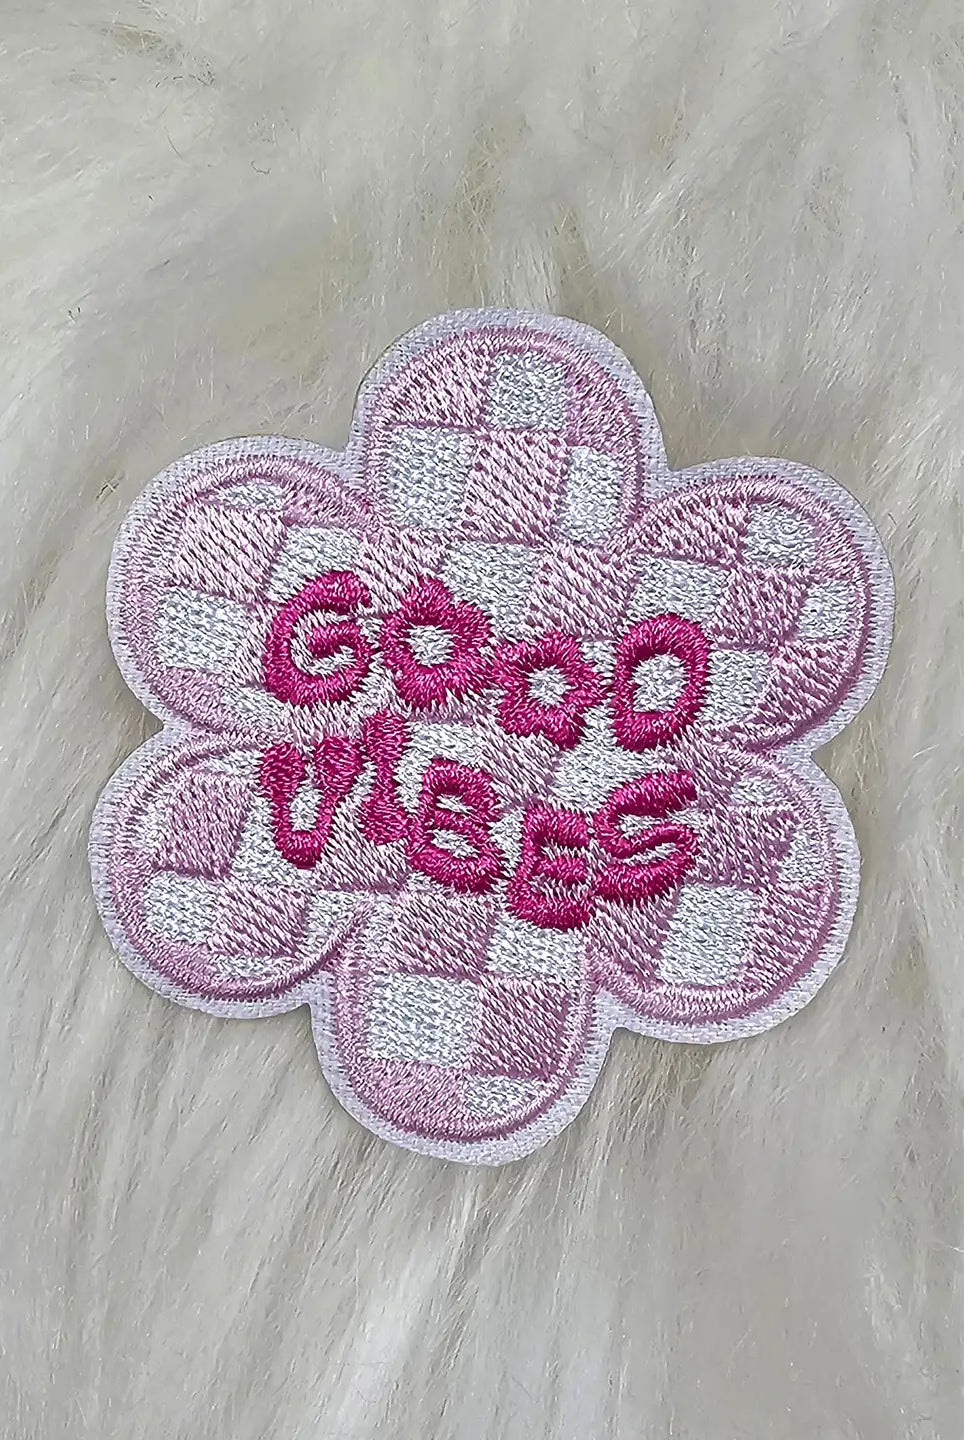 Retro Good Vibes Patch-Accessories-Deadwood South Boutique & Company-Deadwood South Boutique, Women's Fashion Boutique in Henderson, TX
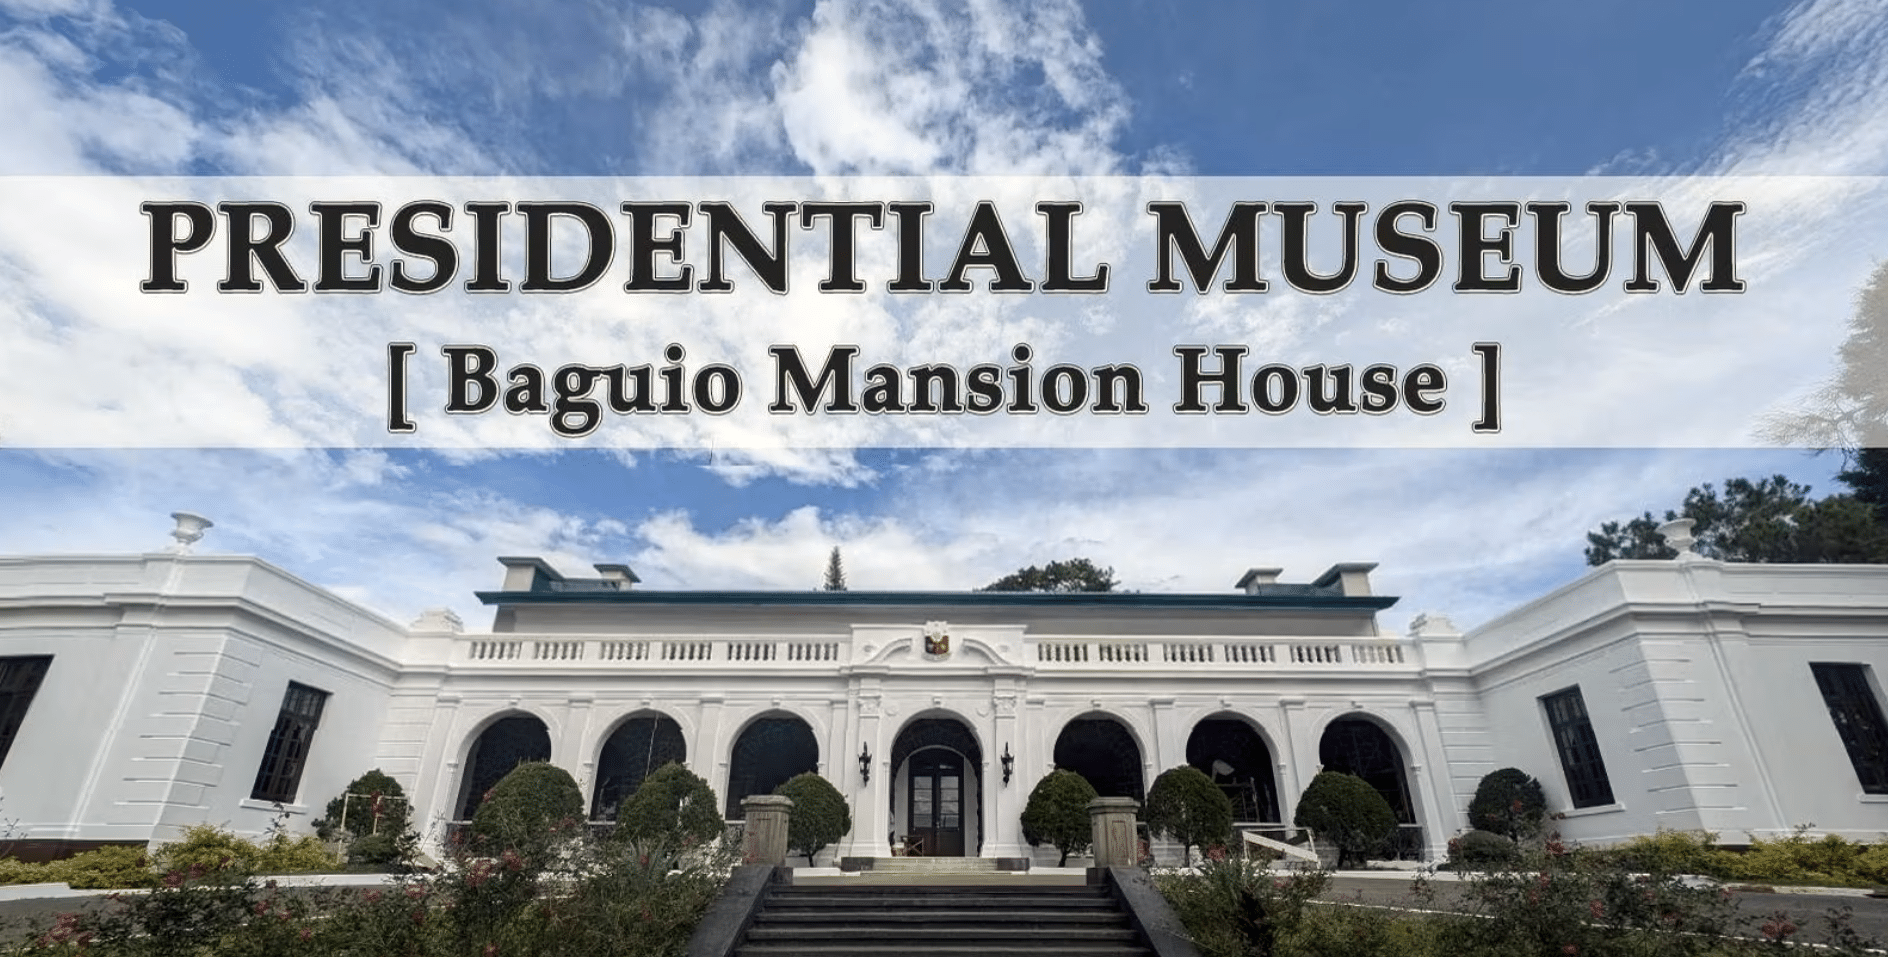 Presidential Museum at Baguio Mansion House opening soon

--

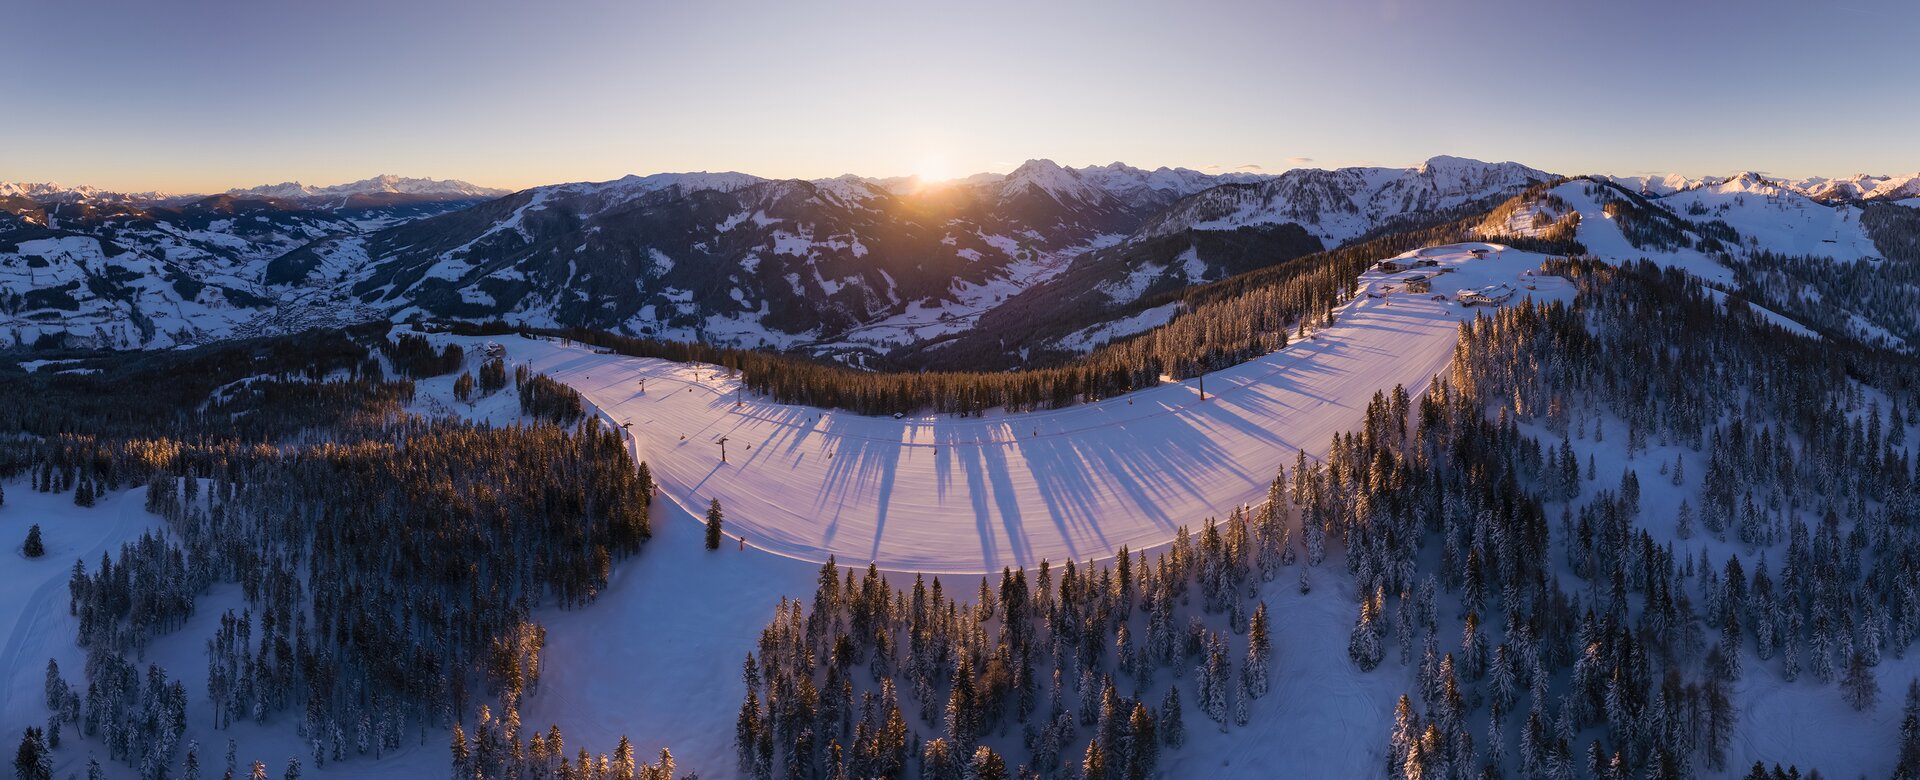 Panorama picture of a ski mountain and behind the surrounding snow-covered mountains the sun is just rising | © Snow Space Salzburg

DIRECTIONS FOR THIS TASK:
From the records above, extract the lines from the one holding "Retro Good Vibes" through the one holding "Presidential Museum at", word for word; omit the pictures.

EXERCISE RESULT:
 Retro Good Vibes Patch-Accessories-Deadwood South Boutique & Company-Deadwood South Boutique, Women's Fashion Boutique in Henderson, TX
 Presidential Museum at Baguio Mansion House opening soon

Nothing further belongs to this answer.